In so far as is known to the Company, as at 8 February 2017 (being the latest practicable date before the publication of this document), the following persons were interested, directly or indirectly, in three per cent. or more of the voting rights attaching to the Ordinary Shares:
| Name | Number of Ordinary Shares at date of notification |
Percentage of voting rights(1) |
|---|---|---|
| Bill Adderley | 39,400,000 | 19.54% |
| Jean Adderley | 8,670,000 | 4.30% |
| William L. Adderley | 54,161,779 | 26.86% |
| Royal London Asset Management Limited | 6,190,630 | 3.07% |
(1) On the basis that the total number of voting rights as at 8 February 2017 (being the latest practicable date before the publication of this document) is 201,681,962.
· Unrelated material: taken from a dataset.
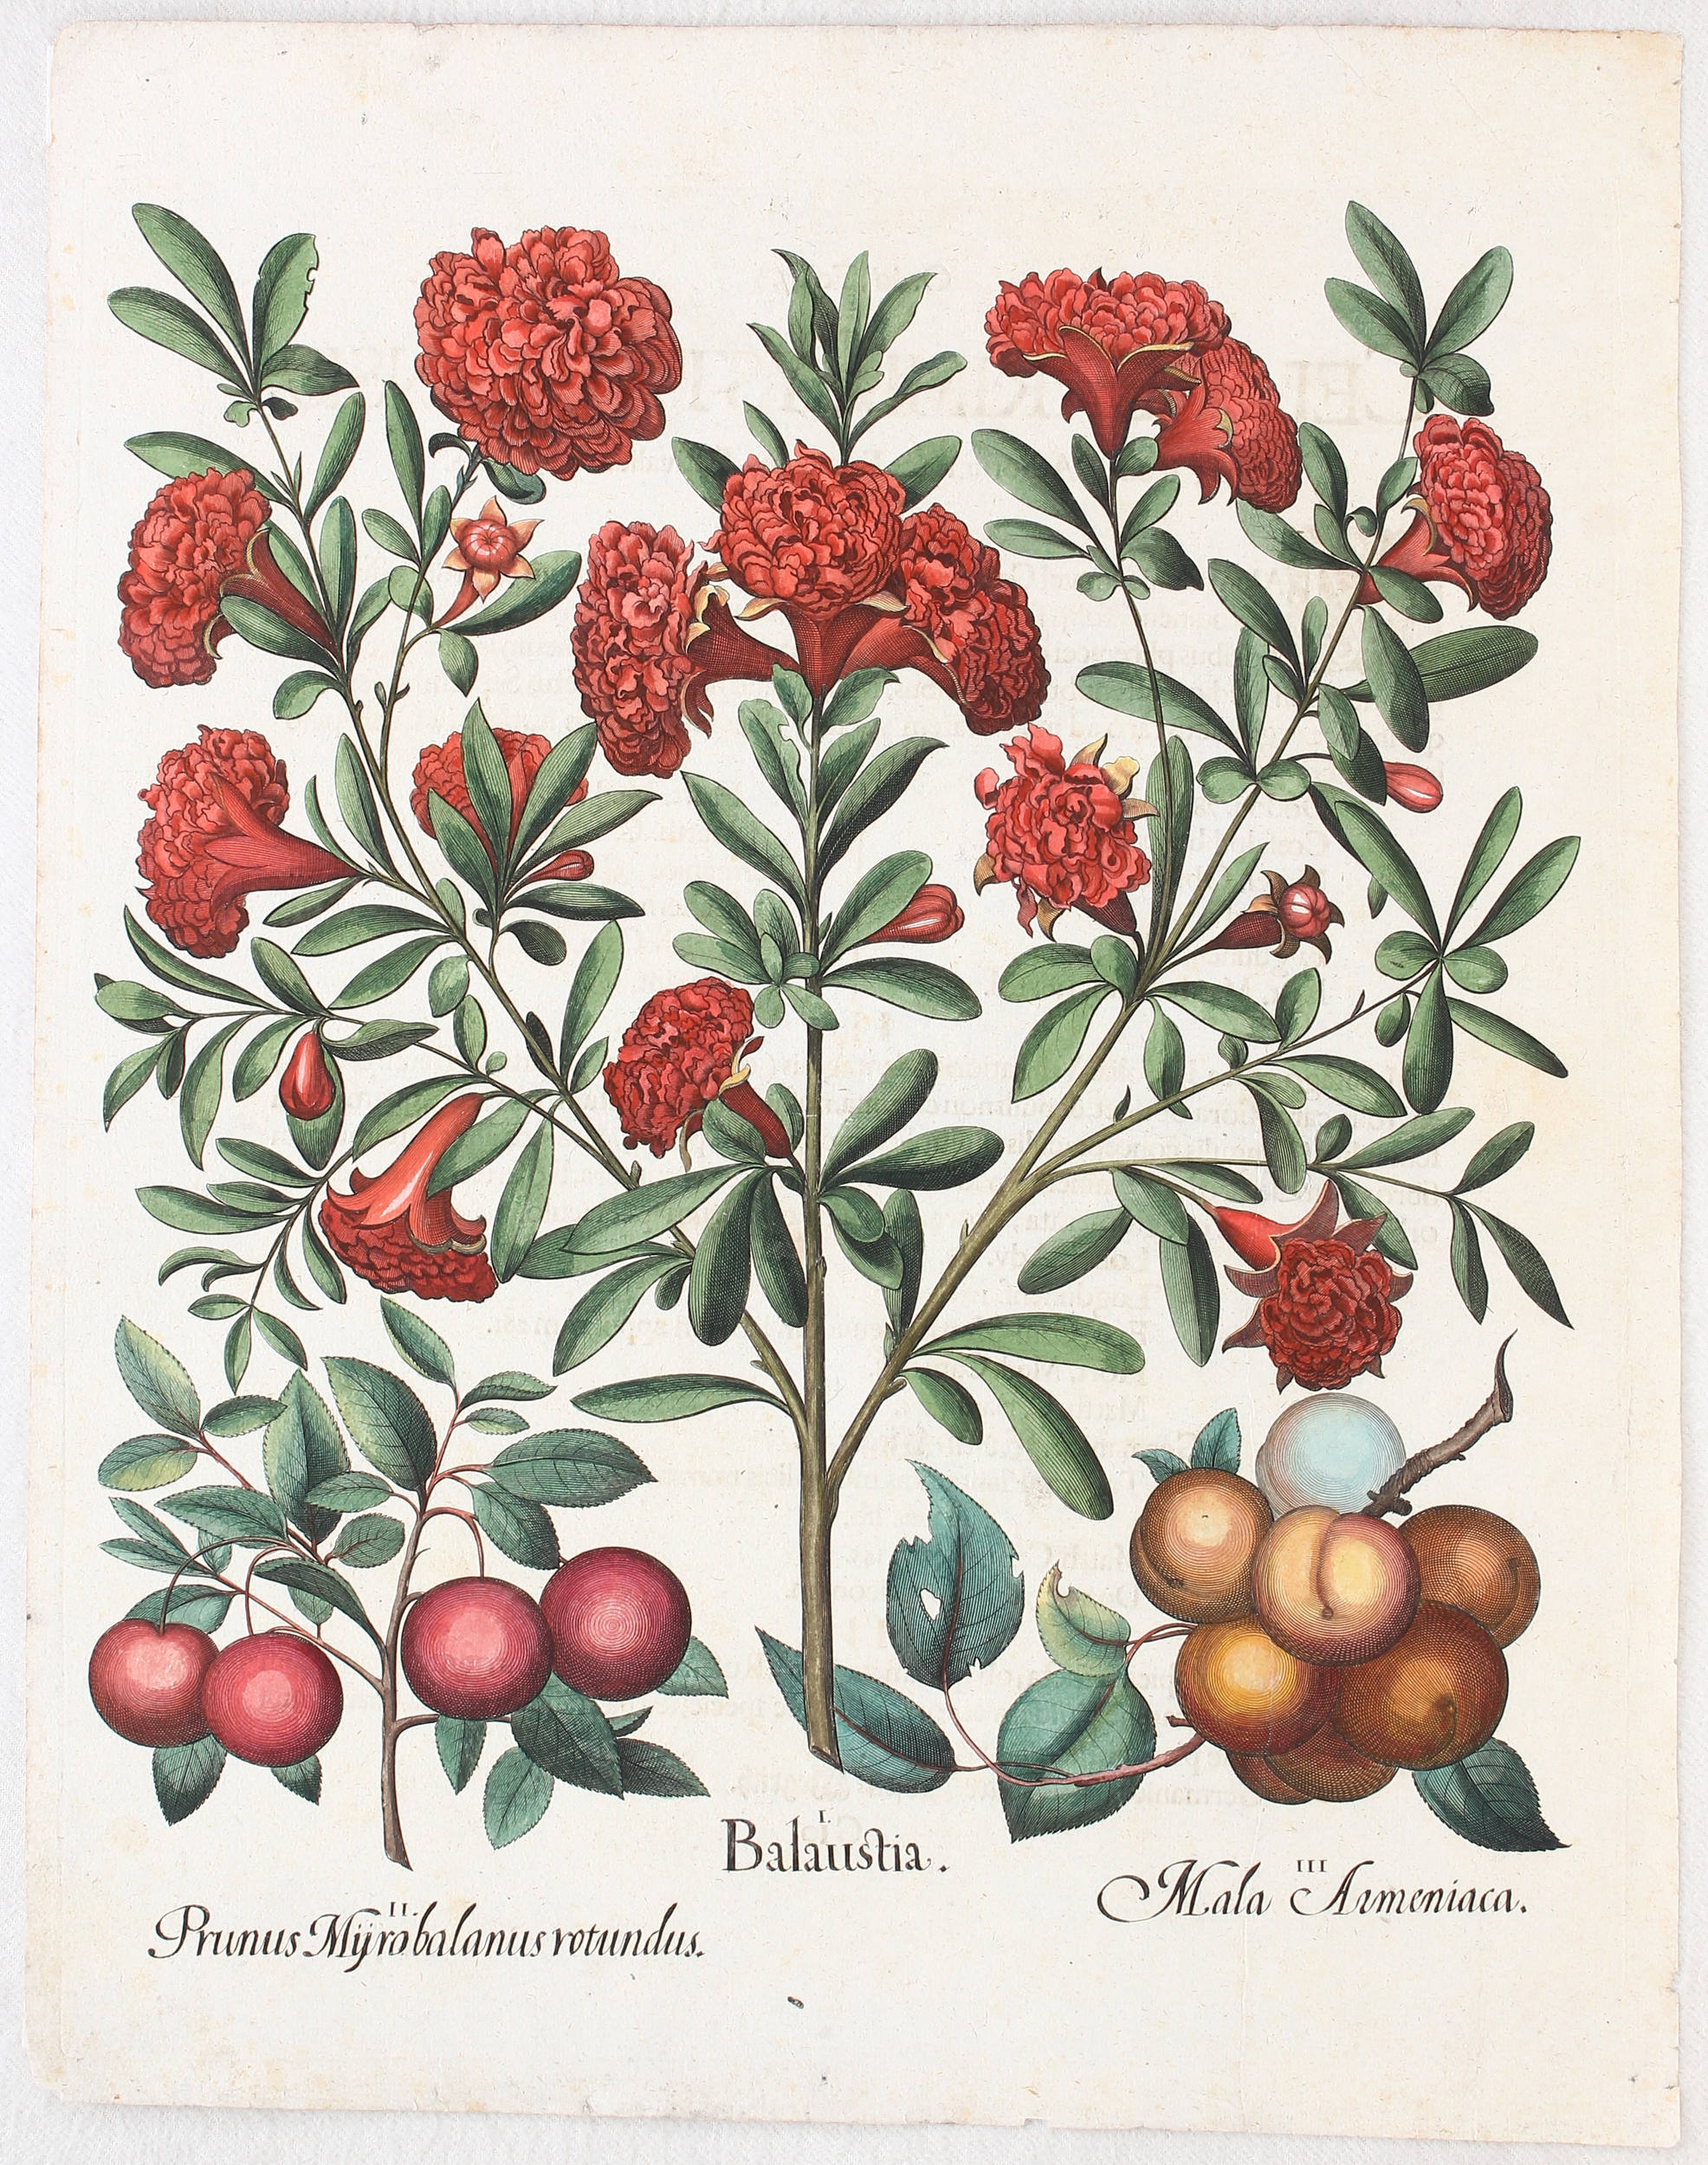 Balaustia, Prunus Myrobalanus rotundus, Mala Armeniaca (blühender Granatapfelbaum mit Früchten, Kirschpflaume, Aprikose bzw. Marille) by Basilius Besler
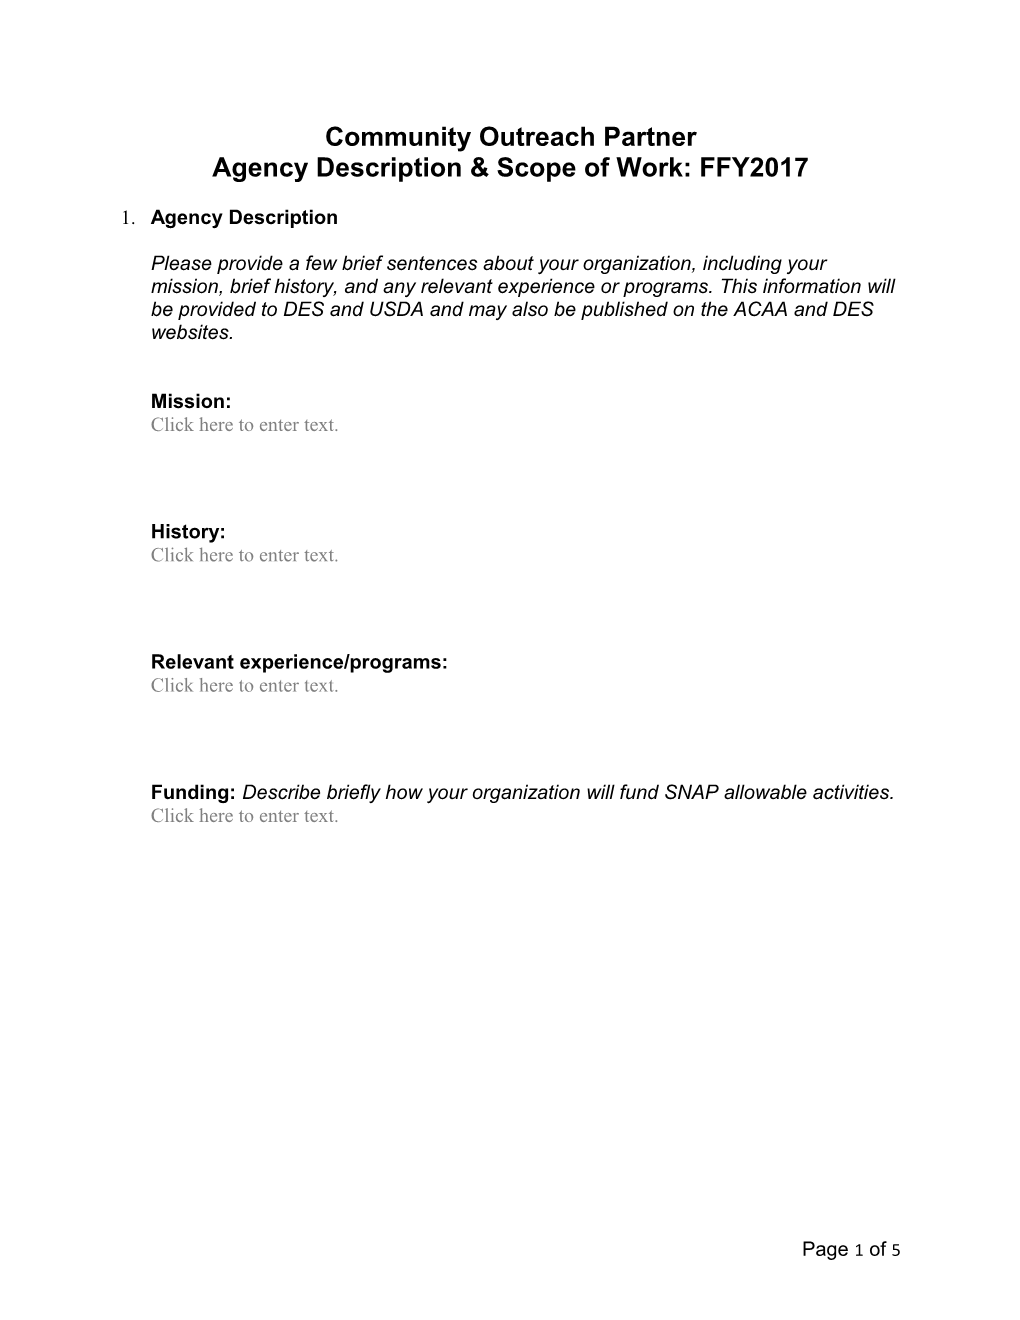 Community Outreach Partner Agency Description & Scope of Work: FFY2017

Save as set out below and elsewhere in this document, the Company has not entered into any related party transactions with any of the Directors or the Former Director or the Substantial Shareholders.
The Company announced on 13 April 2016 that it had been advised that William L. Adderley sold eight million Ordinary Shares representing approximately 4 per cent. of the issued share capital of the Company. The Ordinary Shares were placed at a price of 915 pence per Ordinary Share. The Ordinary Shares sold were as follows: William L. Adderley: 71,476 shares; WA Capital Limited: 7,728,524 shares; and The Stoneygate Trust: 200,000 shares. WA Capital Limited is a company controlled by William L. and Nadine Adderley. The Stoneygate Trust is a charity of which William L. and Nadine Adderley are trustees. The Ordinary Shares were sold to institutional investors in a placing managed by UBS, acting as bookrunner, and Stifel Nicolaus Europe Limited, acting as co-lead manager. The Company purchased 750,000 Ordinary Shares for transfer into treasury with the intention of re-issuing them to satisfy employee share based award obligations that arise in the future.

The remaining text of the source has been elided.